Chief Minister Devendra Fadnavis now has the opportunity and power to anchor these politicians and businessmen. But he faces two challenges. He is Brahmin by birth. The Maratha community, approximately 35 per cent of the state population, has been vocal against him in recent times. Fadnavis tried for ten years but a large section of the community remains beyond his influence. His second challenge: he has often miscalculated rural issues. From the farmers’ strike of 2017 to understanding multi-dimensional agrarian problems, Fadnavis failed to show command.
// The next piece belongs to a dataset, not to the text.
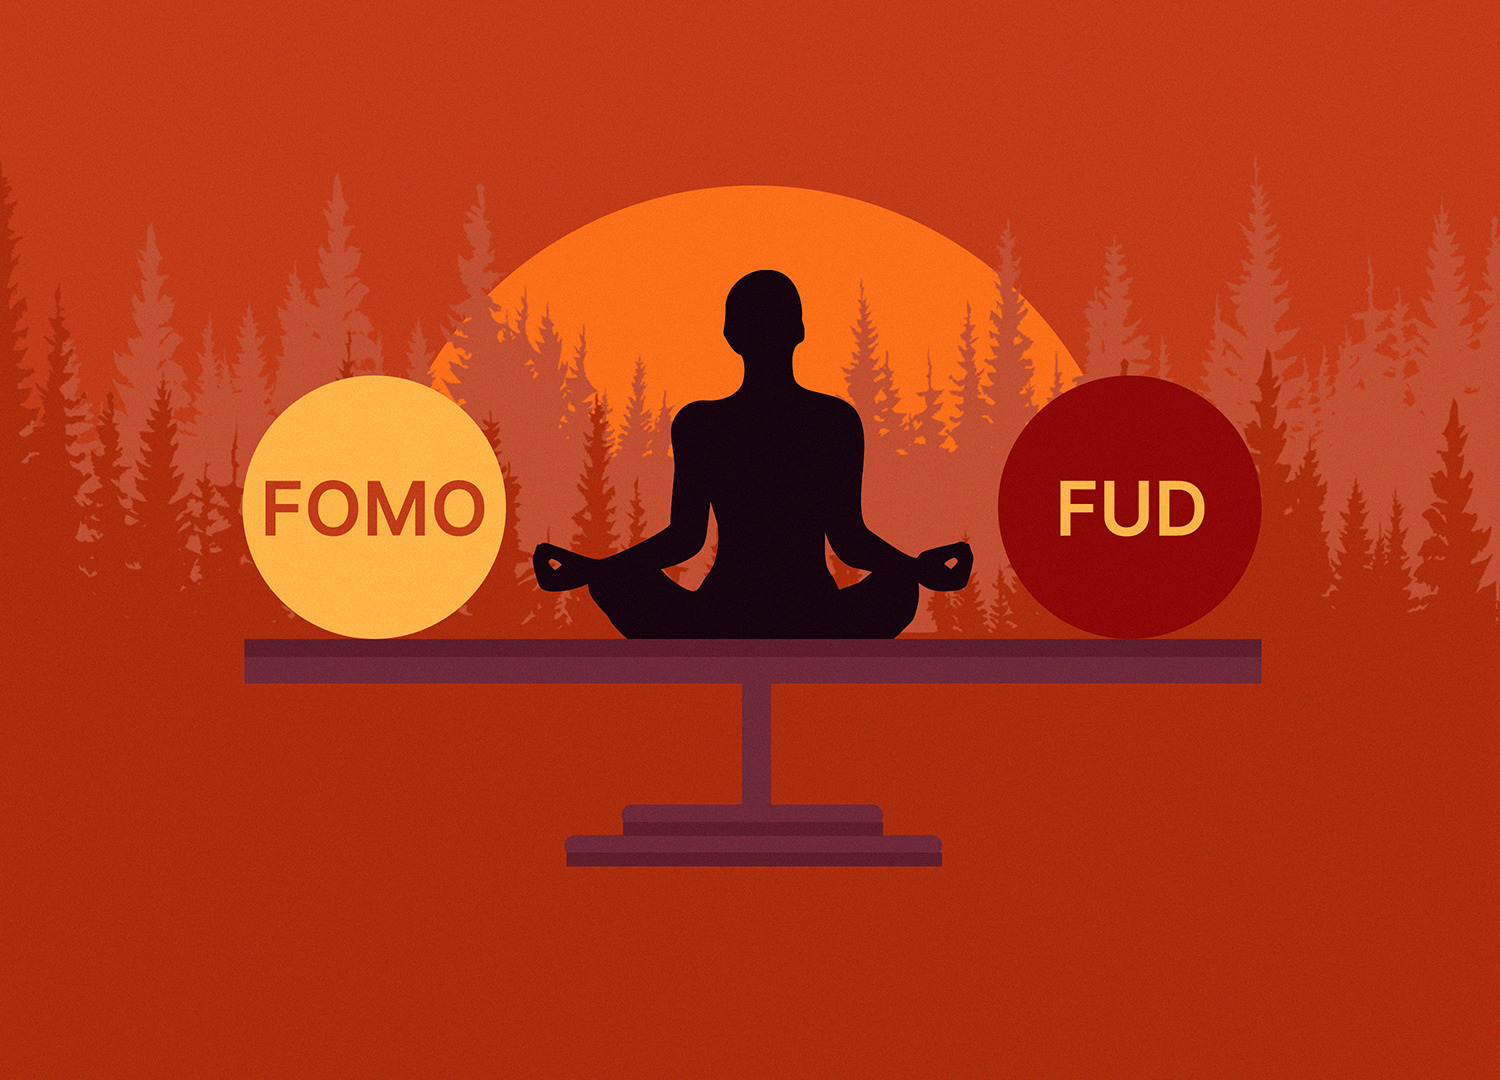 Its time for the crypto world to get over FUD and FOMO

Deputy Chief Minister Eknath Shinde is Maratha by birth, but he is seen as an urban politician because his rise came from Thane city. He lacks deep understanding of the rural economy. The same applies to Uddhav Thackeray’s Shiv Sena leadership. Sharad Pawar is now too old and out of power. In Ajit’s faction, some leaders exist, but the leadership will unlikely go to them. His wife Sunetra Pawar is new to state politics’s intricacies. Maharashtra Congress has a range of leaders to fill this vacuum, but they lost the art of fighting from opposition. People and businessmen need confidence in a leader. An opposition leader earns that confidence by showing fighting spirit and raising issues correctly. Right now, Maharashtra Congress lacks such leadership.
In this situation, the ruling party gets a large share. If NCP (Ajit) or NCP (Sharad) fails to protect their flock—through merger or otherwise—the BJP will eventually absorb them. Those ideologically opposed to the BJP will try to see their future in Congress. Once the political ground shifts, money follows. The political and financial order established over 30-plus years will now begin dismantling. This may be the biggest change in Maharashtra politics in decades. Ajit’s death has altered the state’s dynamics fundamentally.